WORK REQUIRED
Word for word, give the data again without its pictures.

*** Opening of AVAILABLE DATA ***

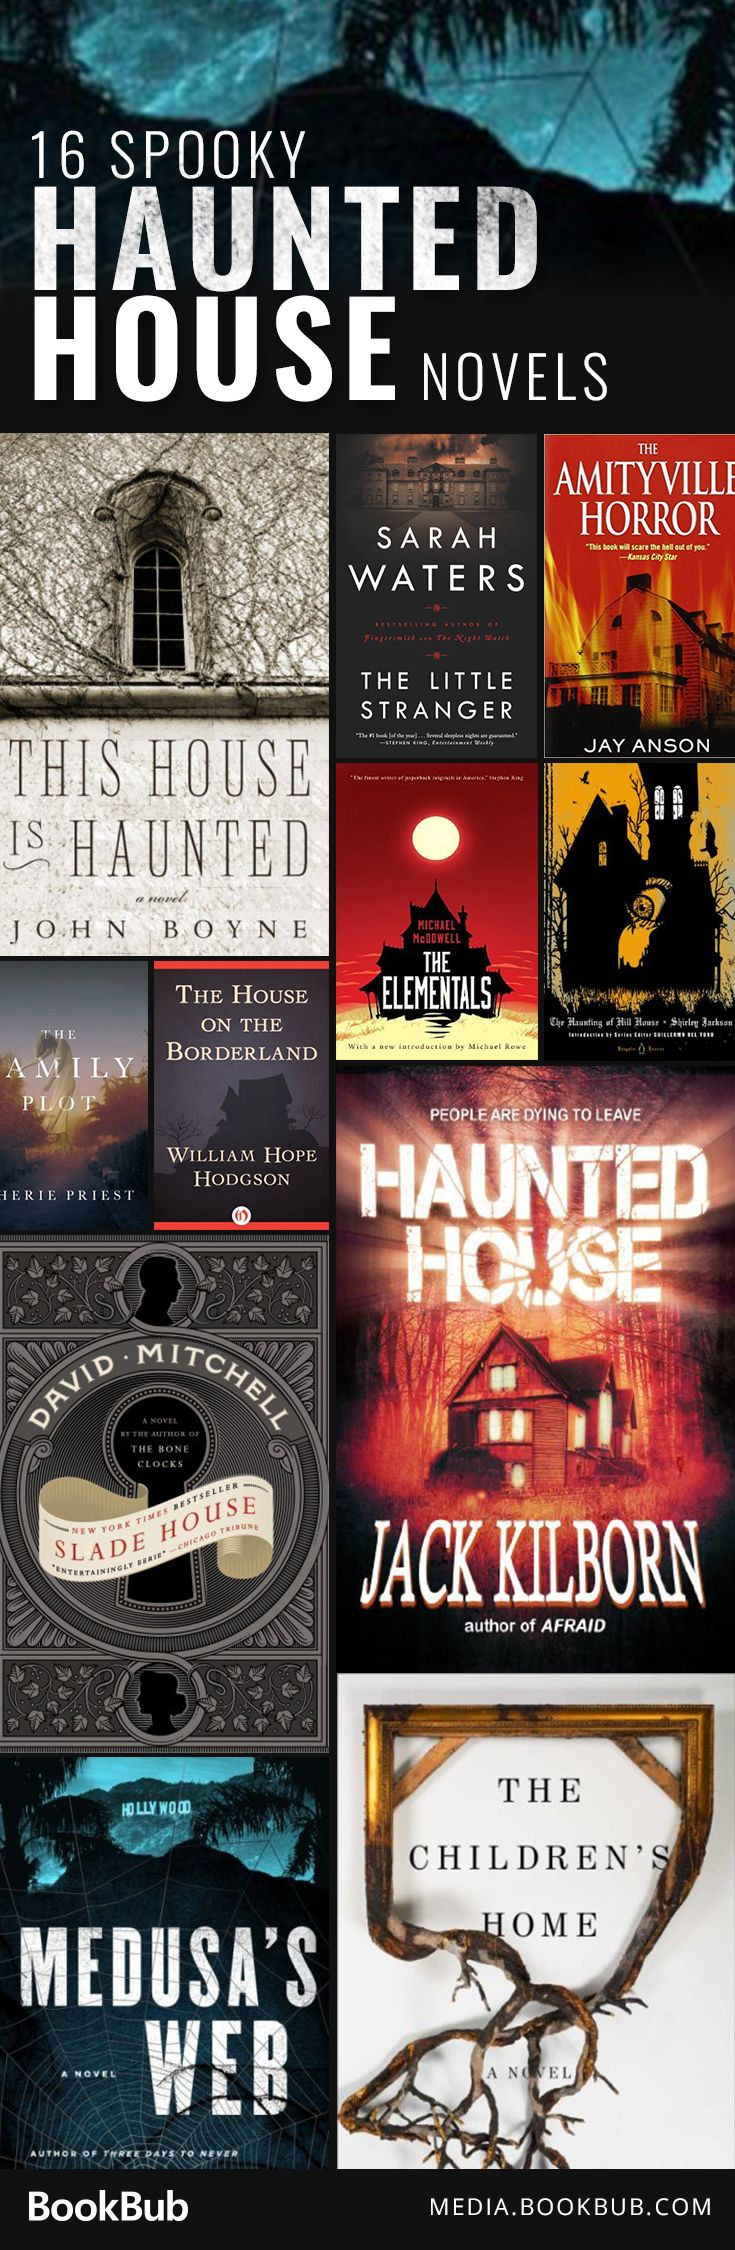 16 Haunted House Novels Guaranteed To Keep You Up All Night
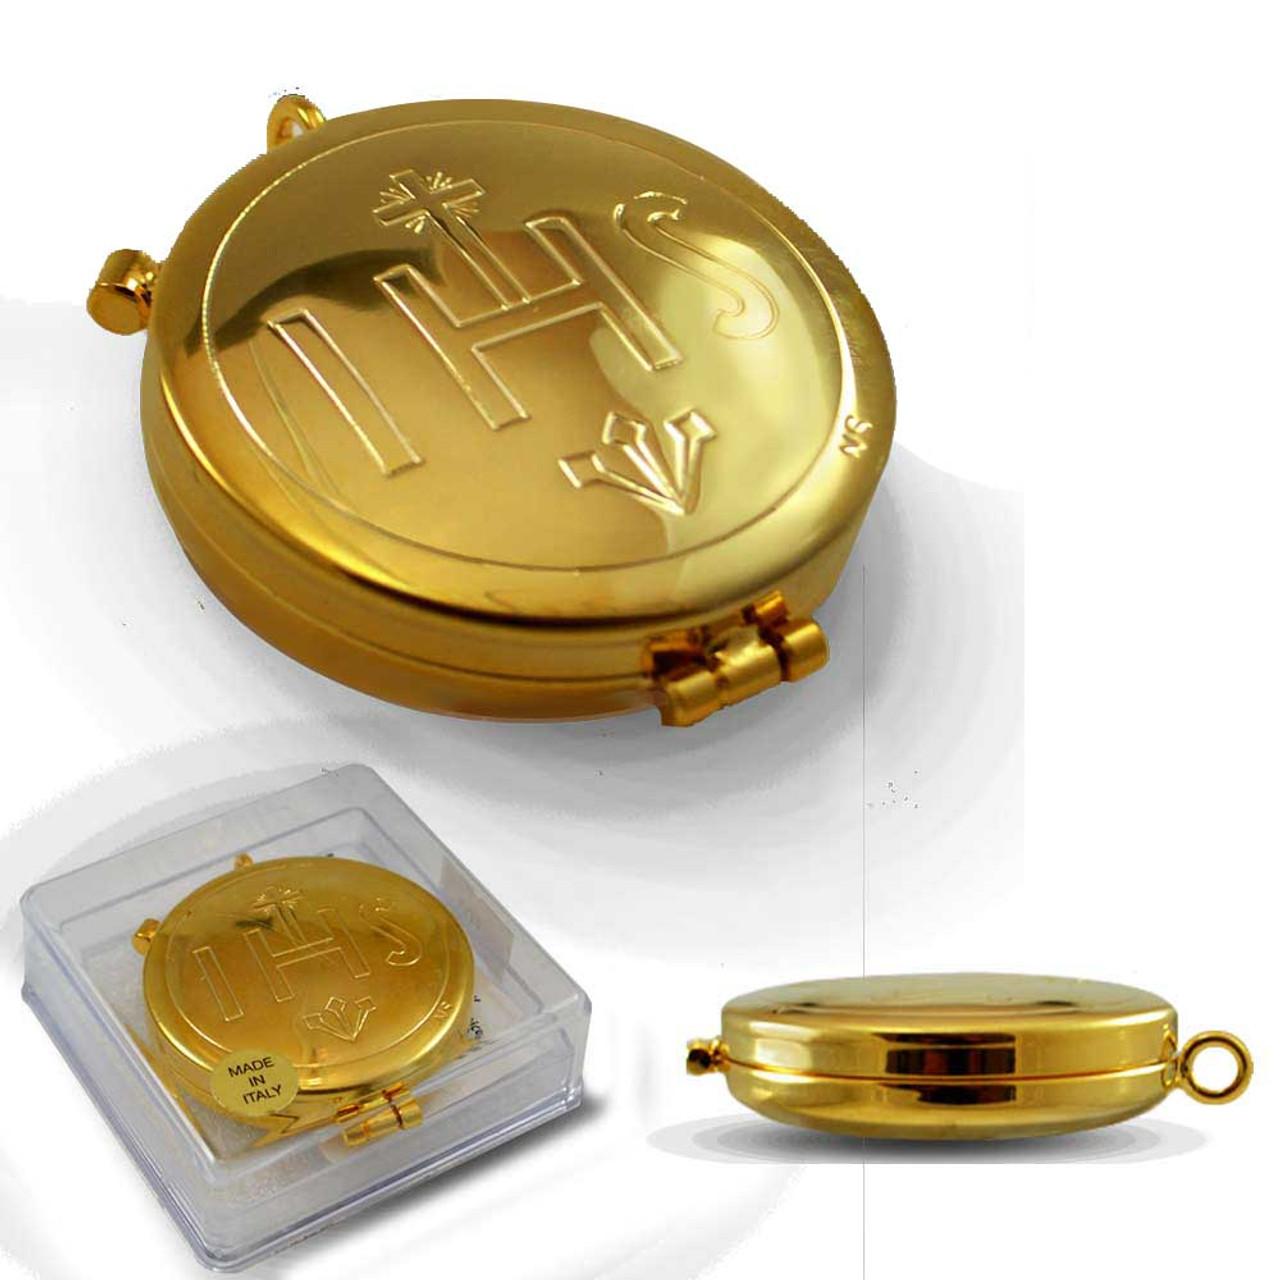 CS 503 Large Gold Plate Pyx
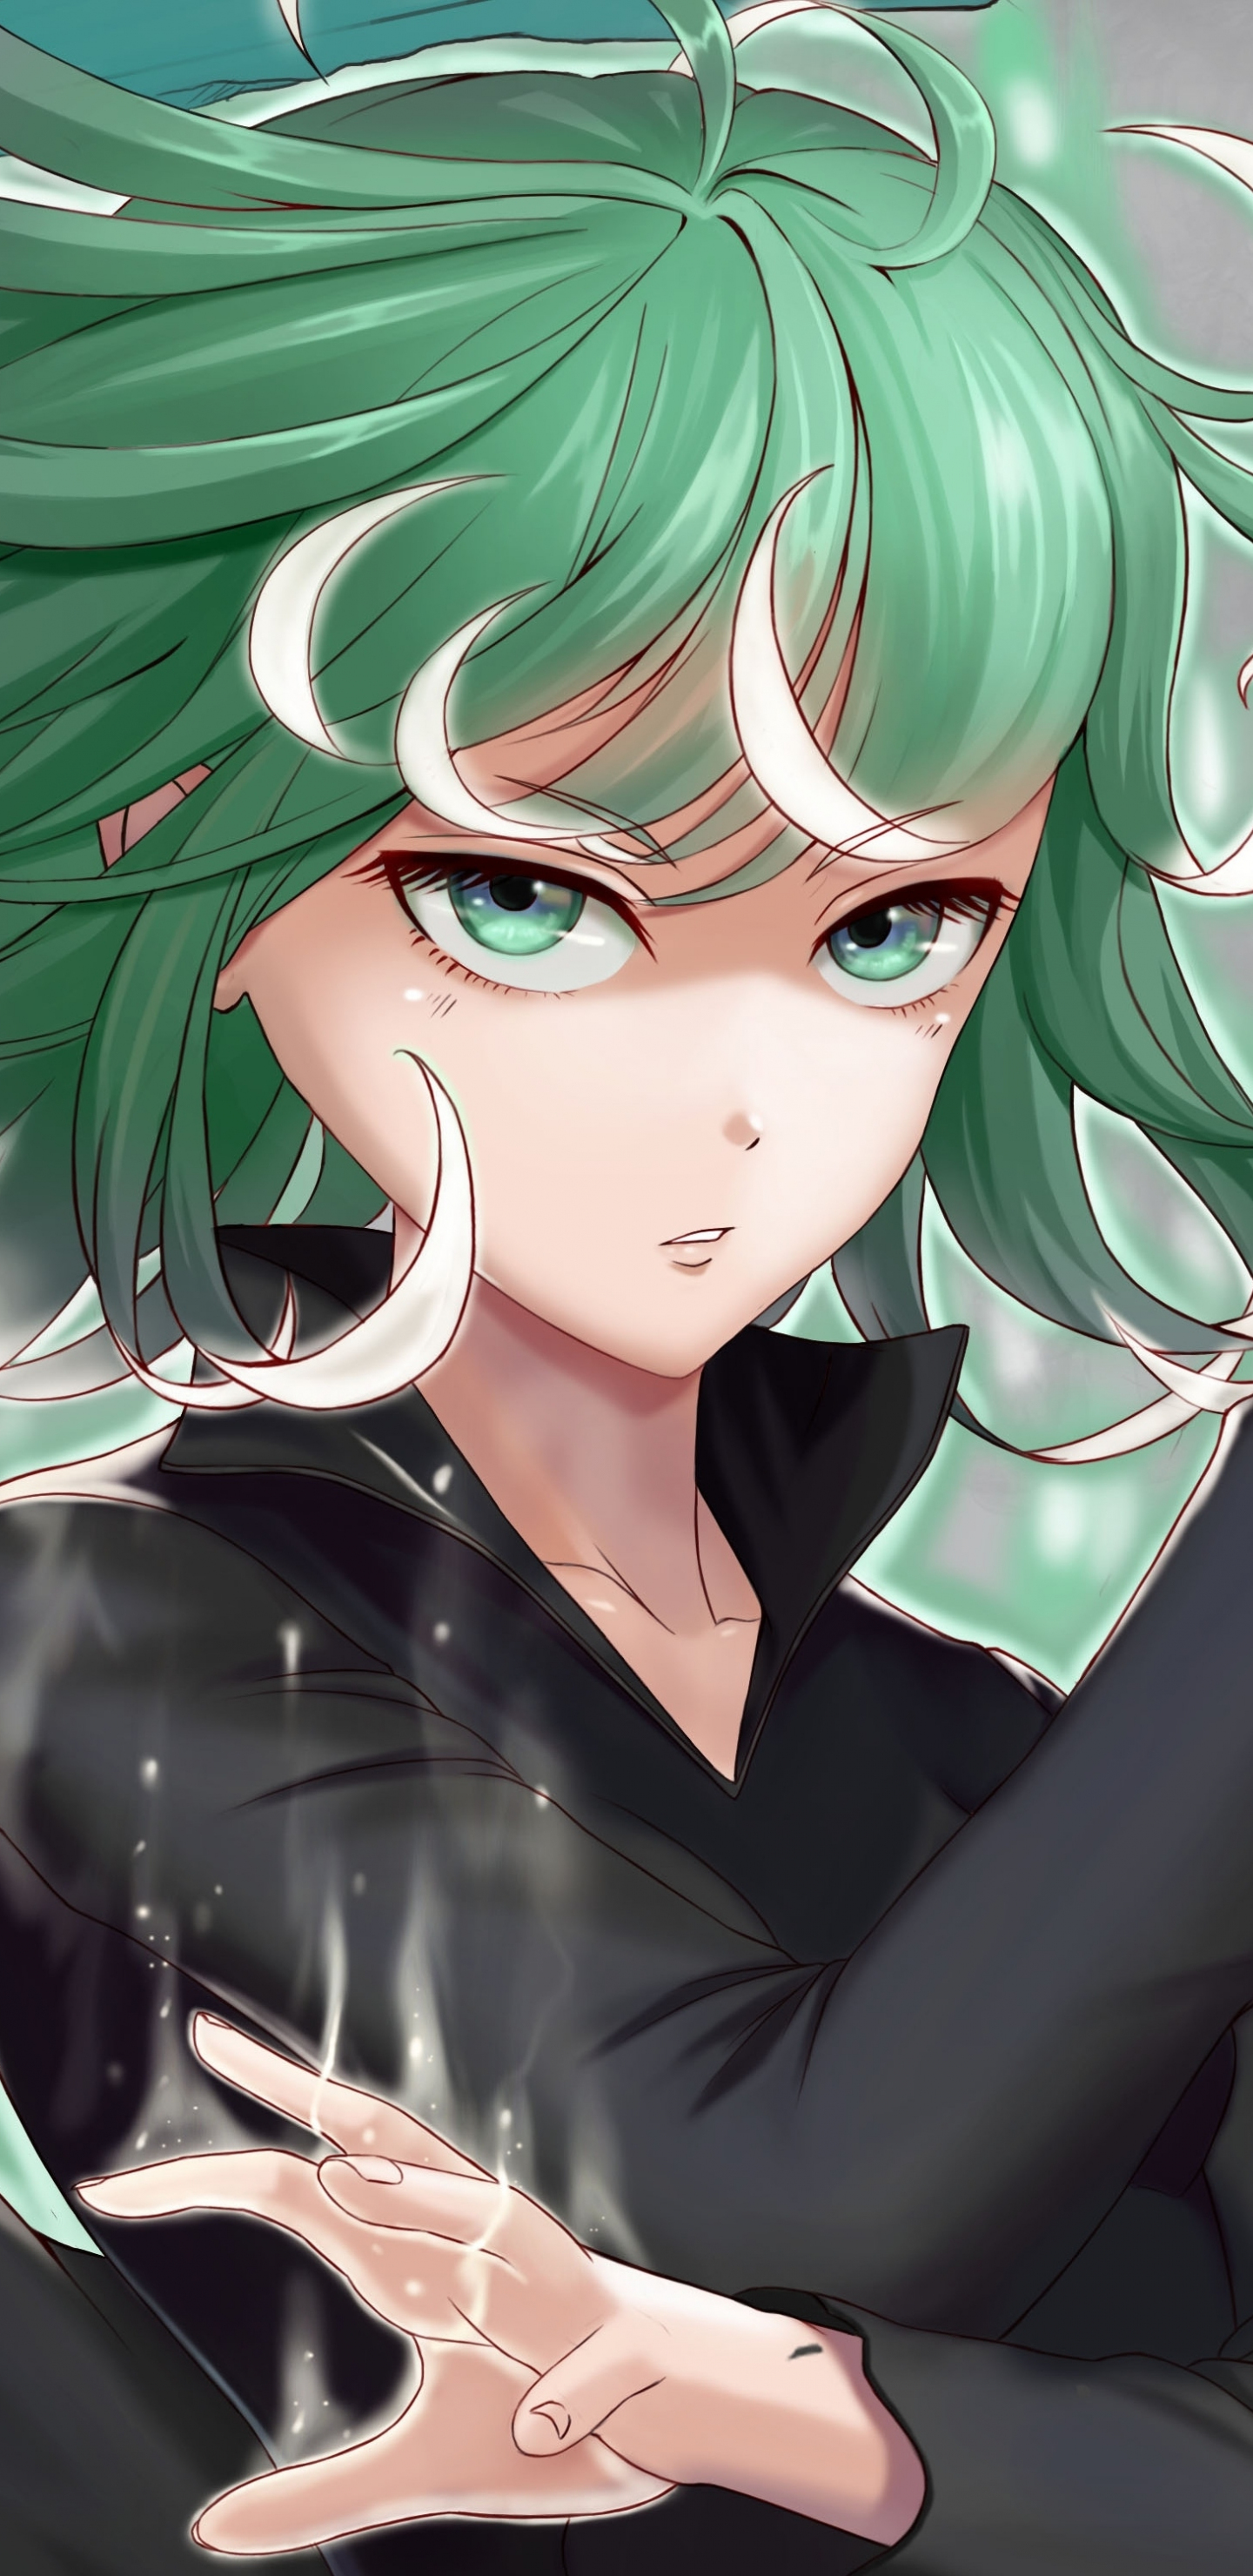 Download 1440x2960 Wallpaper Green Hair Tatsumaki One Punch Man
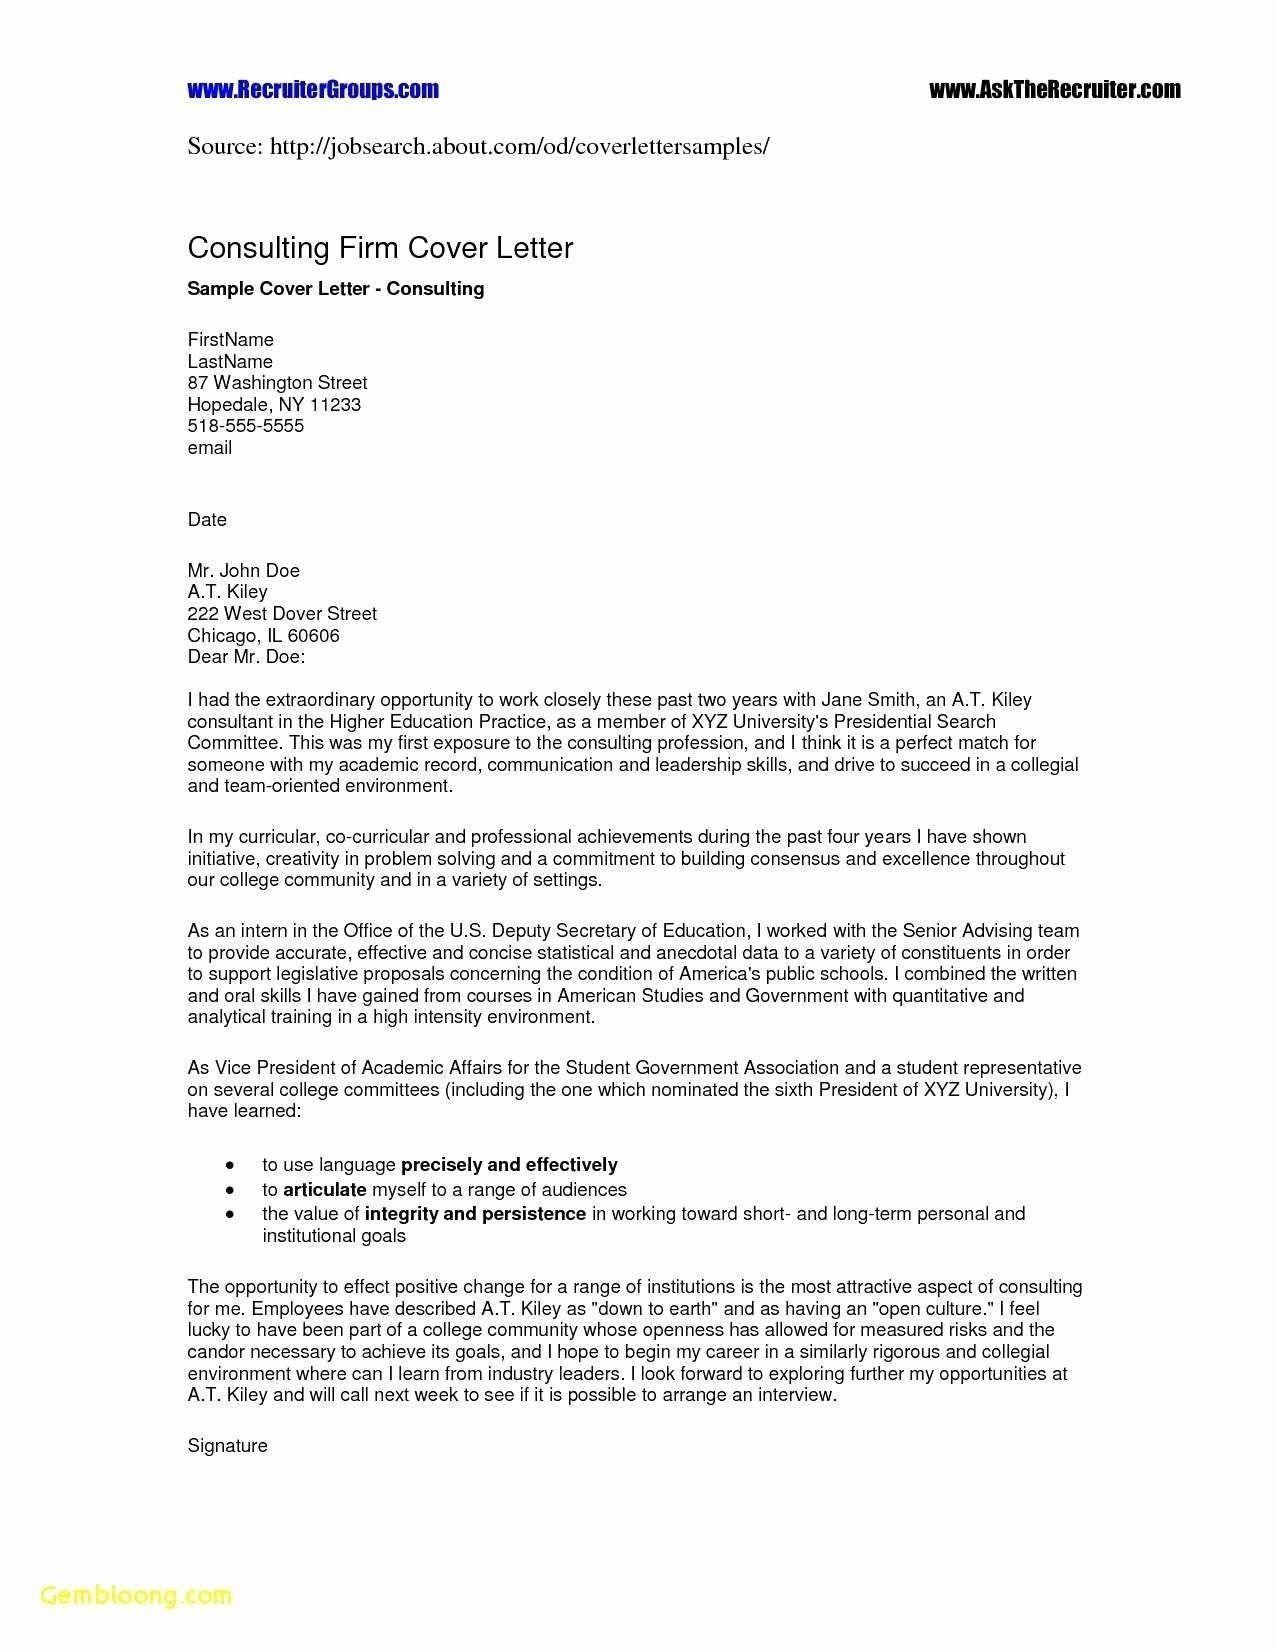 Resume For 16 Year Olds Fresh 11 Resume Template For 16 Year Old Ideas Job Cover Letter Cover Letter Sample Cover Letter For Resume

*** Close of AVAILABLE DATA ***

EXERCISE SOLUTION
 16 Haunted House Novels Guaranteed To Keep You Up All Night
 CS 503 Large Gold Plate Pyx
 Download 1440x2960 Wallpaper Green Hair Tatsumaki One Punch Man
 Resume For 16 Year Olds Fresh 11 Resume Template For 16 Year Old Ideas Job Cover Letter Cover Letter Sample Cover Letter For Resume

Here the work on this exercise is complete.